* Problem:
Starting from the line in which "Cimon della Pala, snowy, Dolomites, Italy, December, photo" appears, set down each line exactly through the end of the listing, and nothing else. Leave out pictures.

* Given material:
= Beginning of Section =

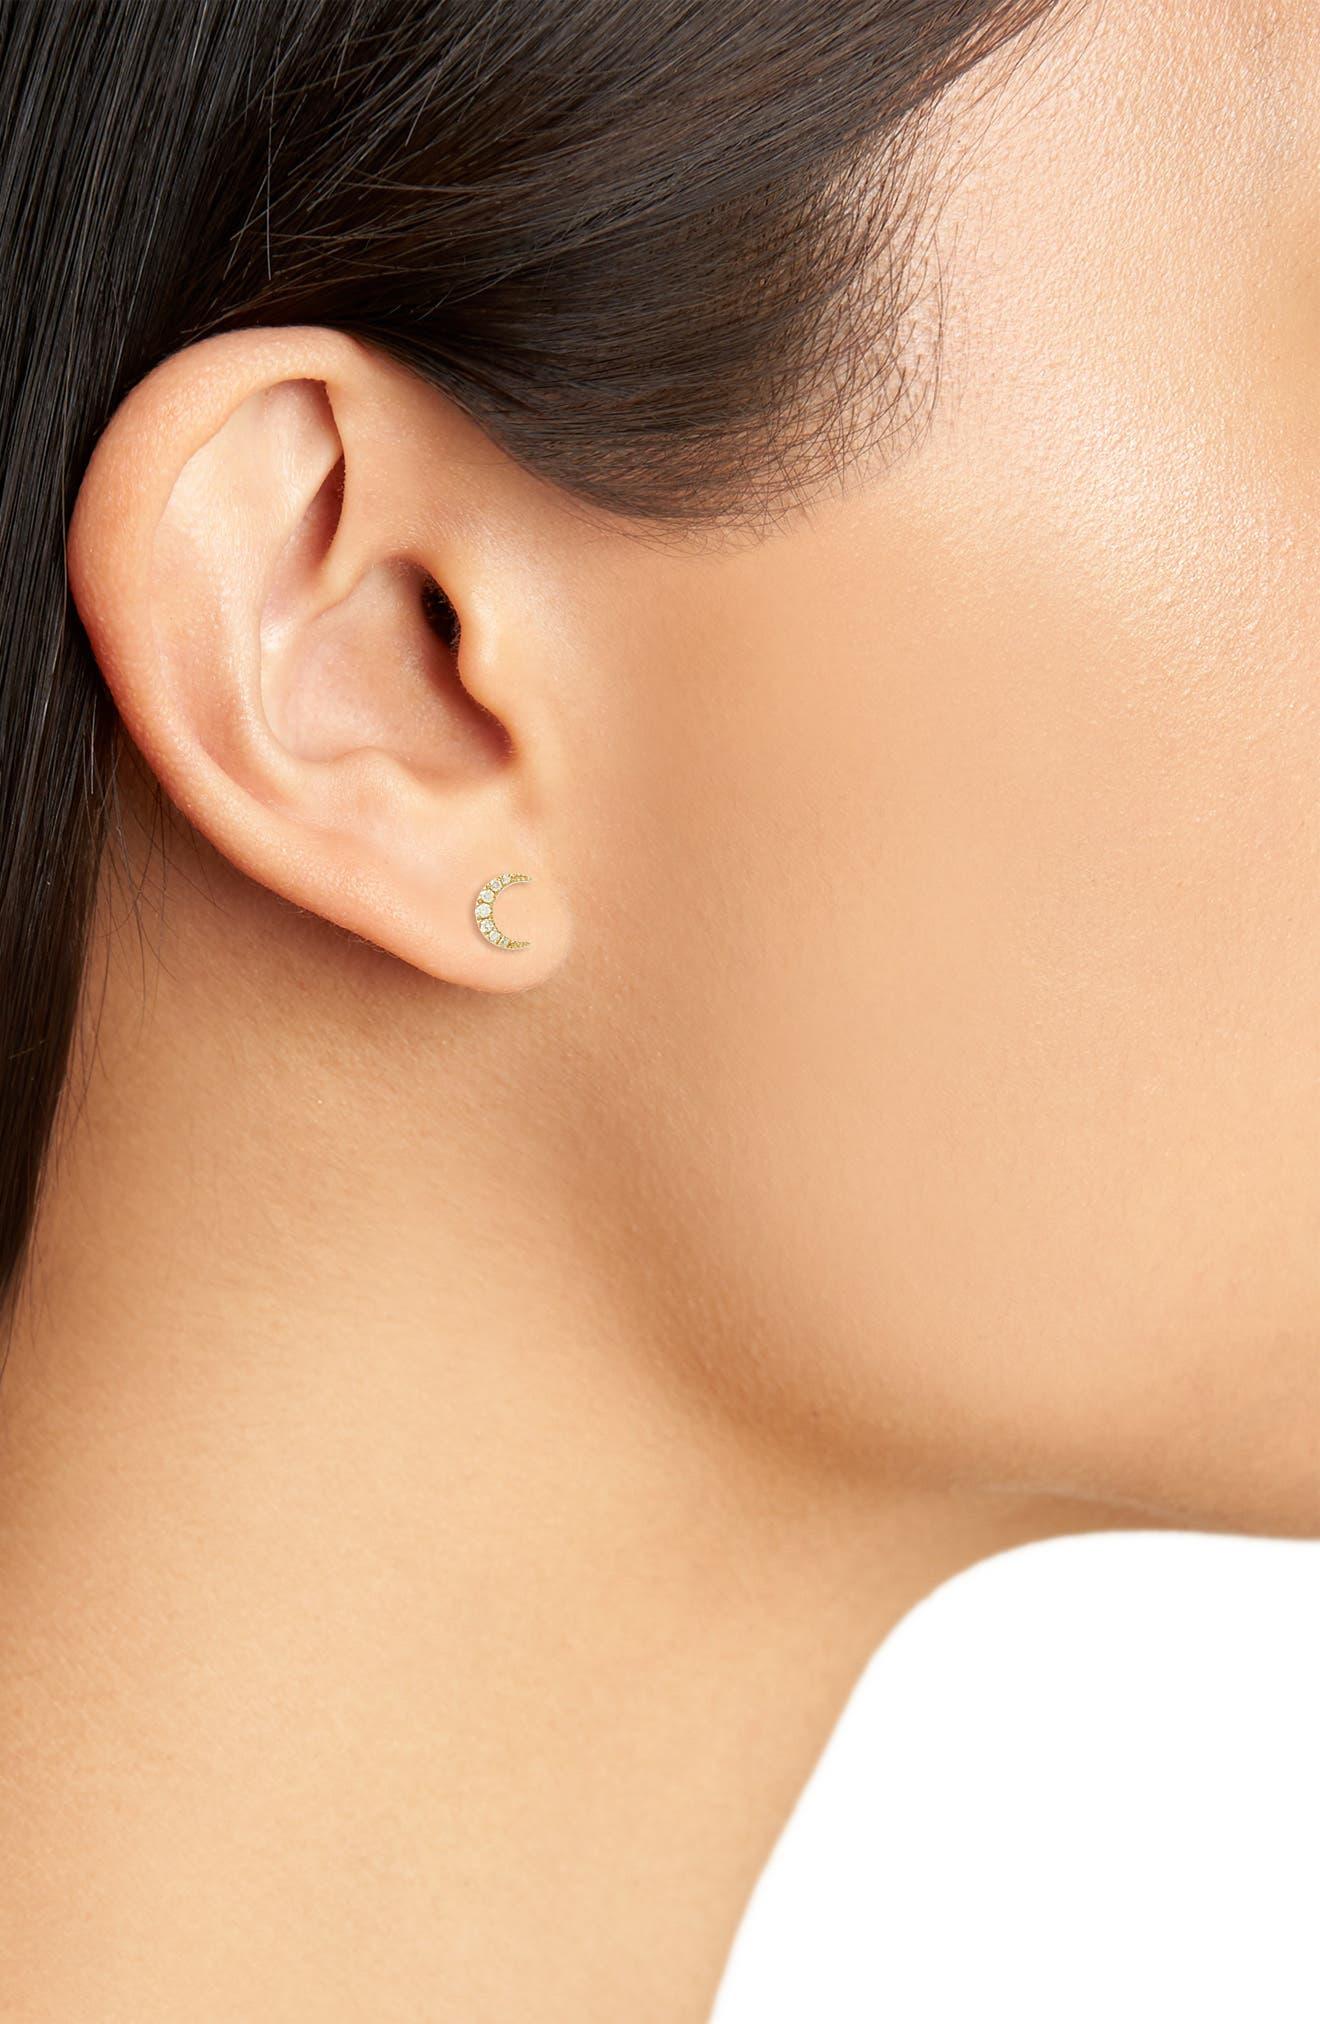 Mini Moon Diamond Stud Earrings,                             Alternate thumbnail 2, color,                             YELLOW GOLD
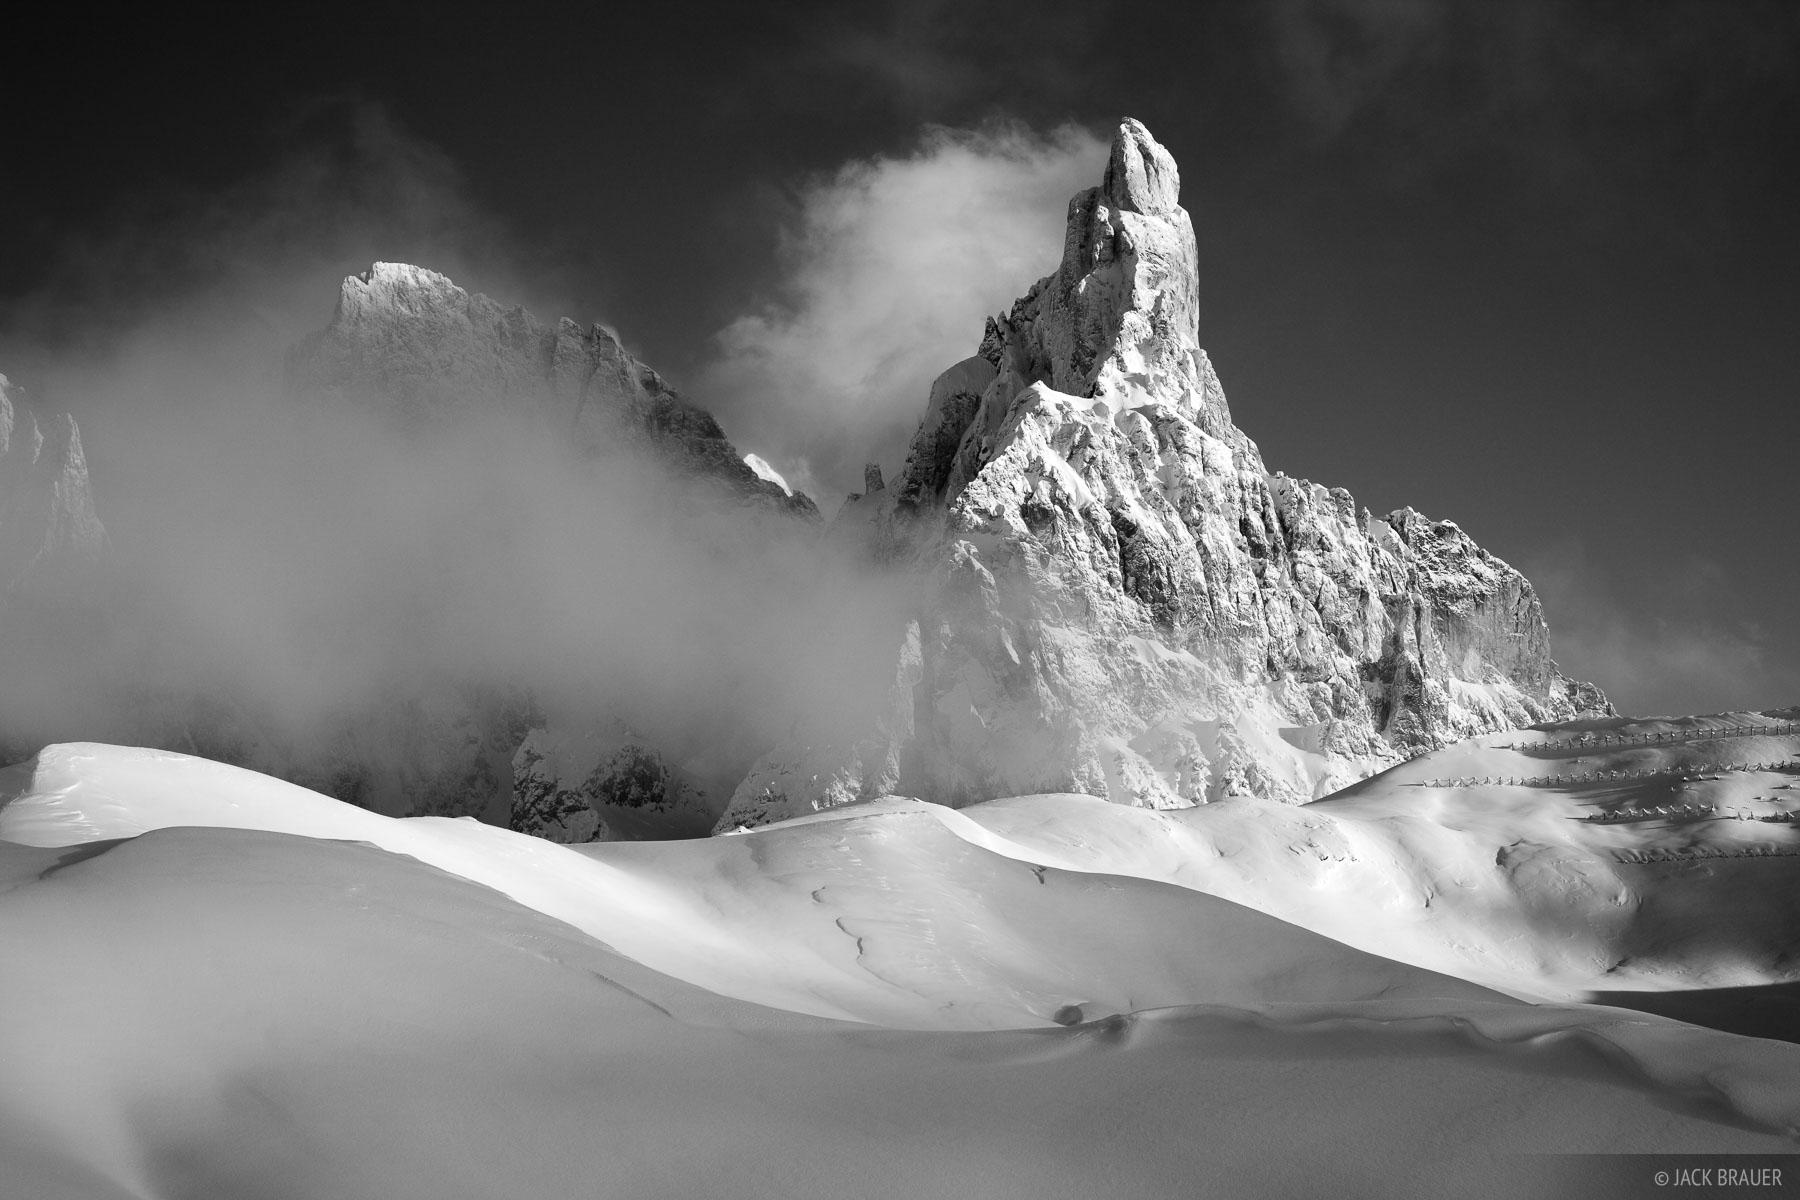 Cimon della Pala, snowy, Dolomites, Italy, December, photo
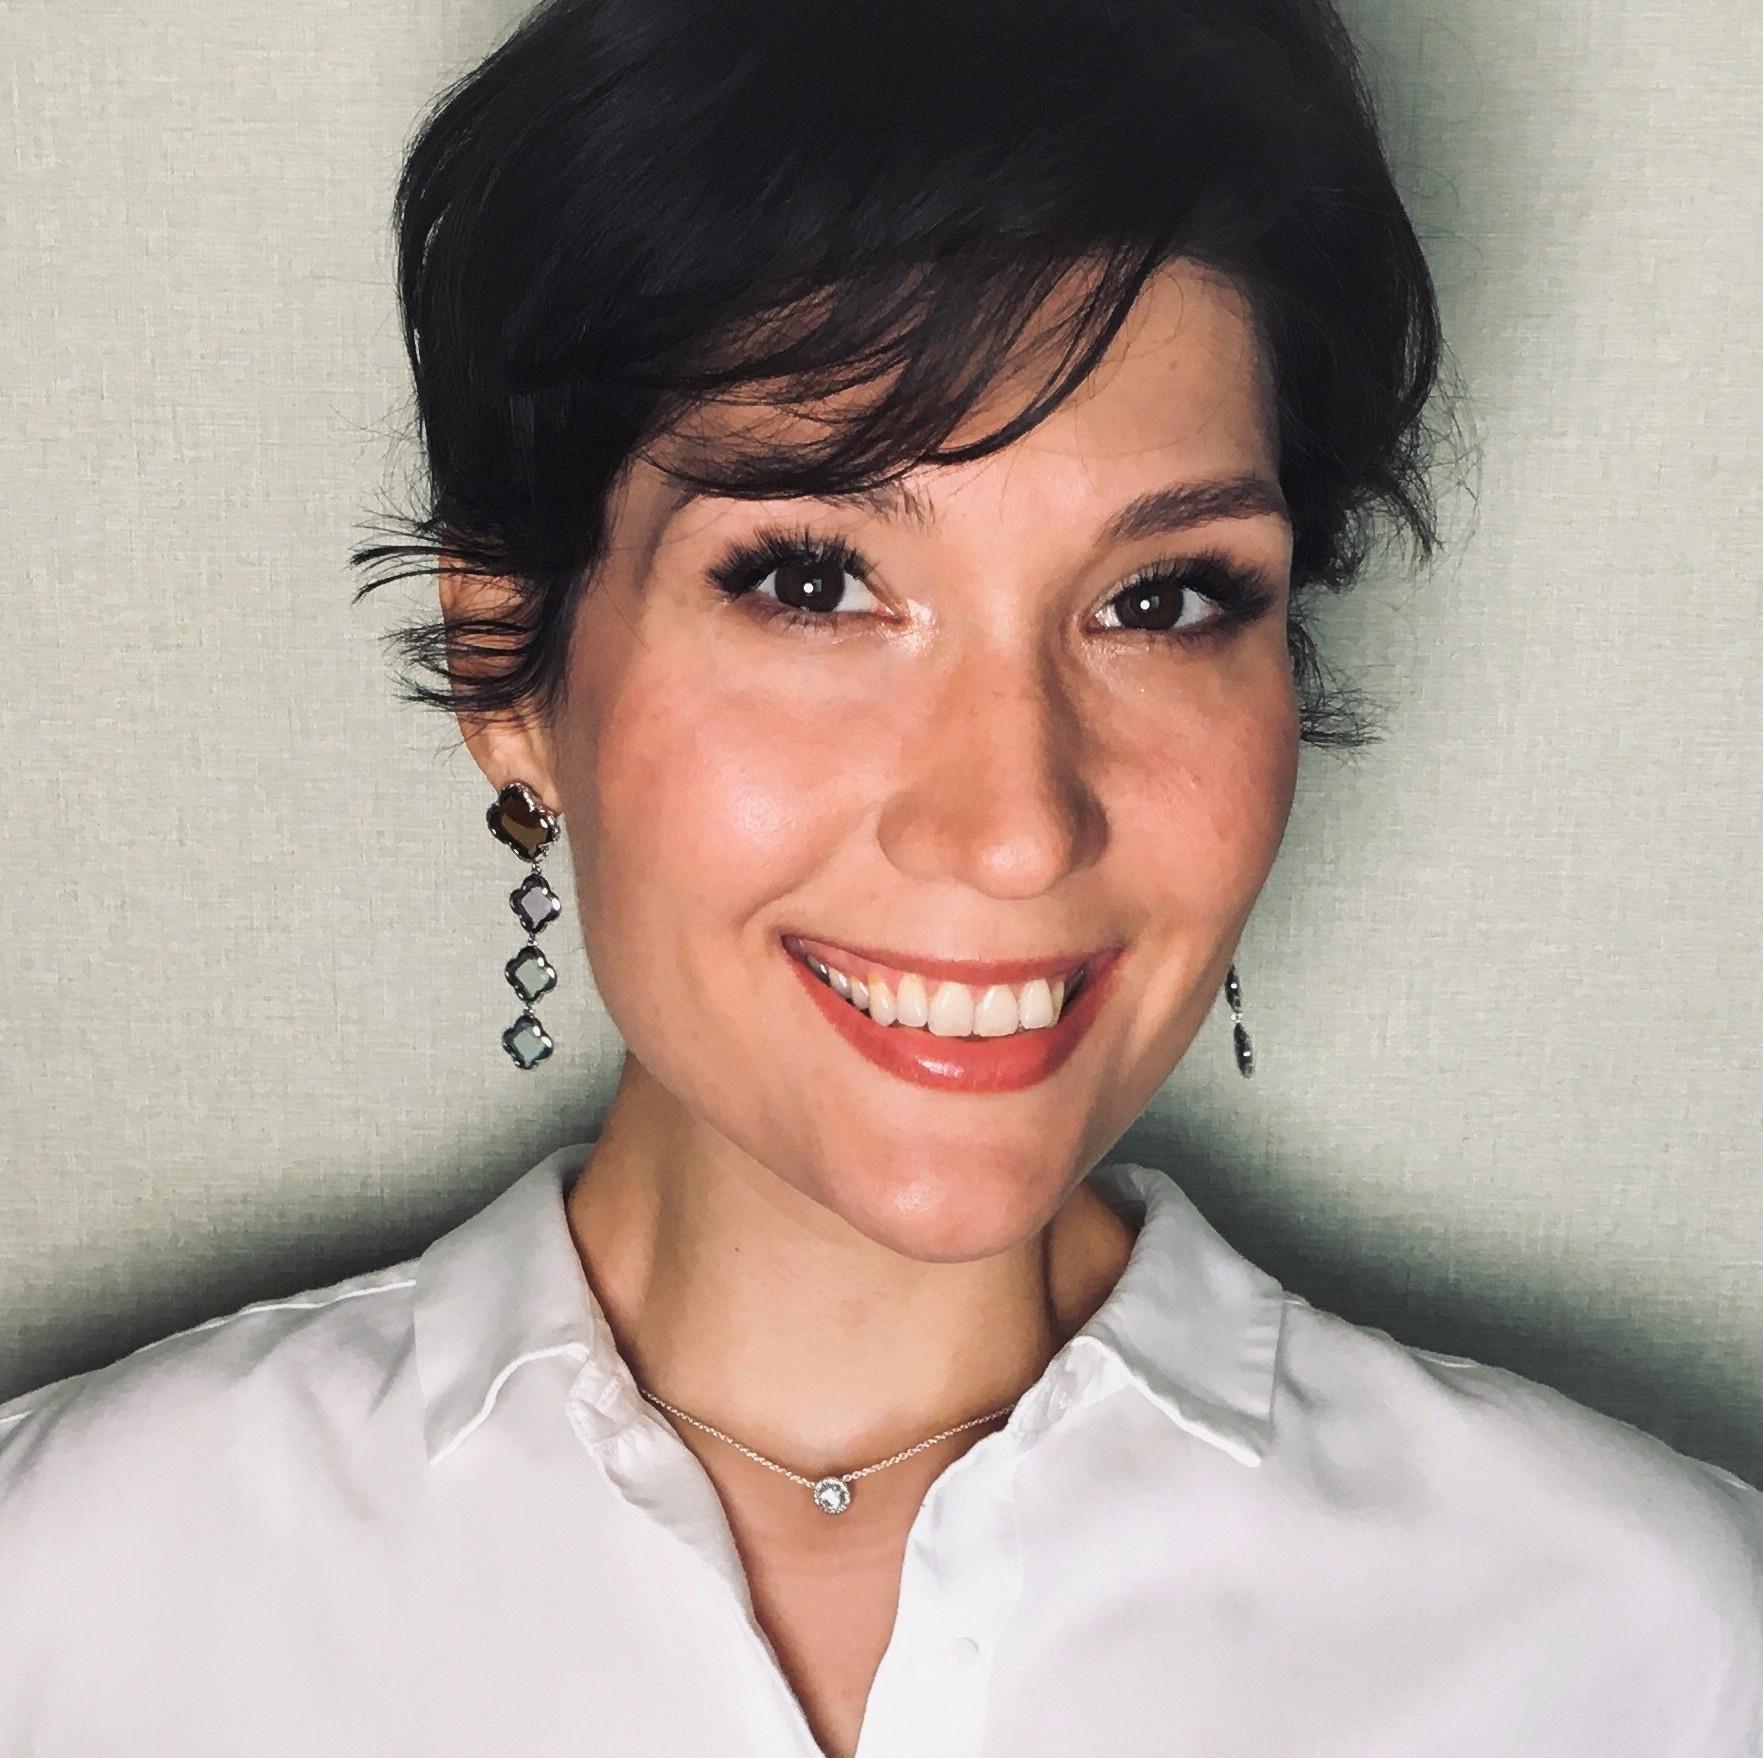 Lana Zurabova

= End of Section =

* Result for this exercise:
 Cimon della Pala, snowy, Dolomites, Italy, December, photo
 Lana Zurabova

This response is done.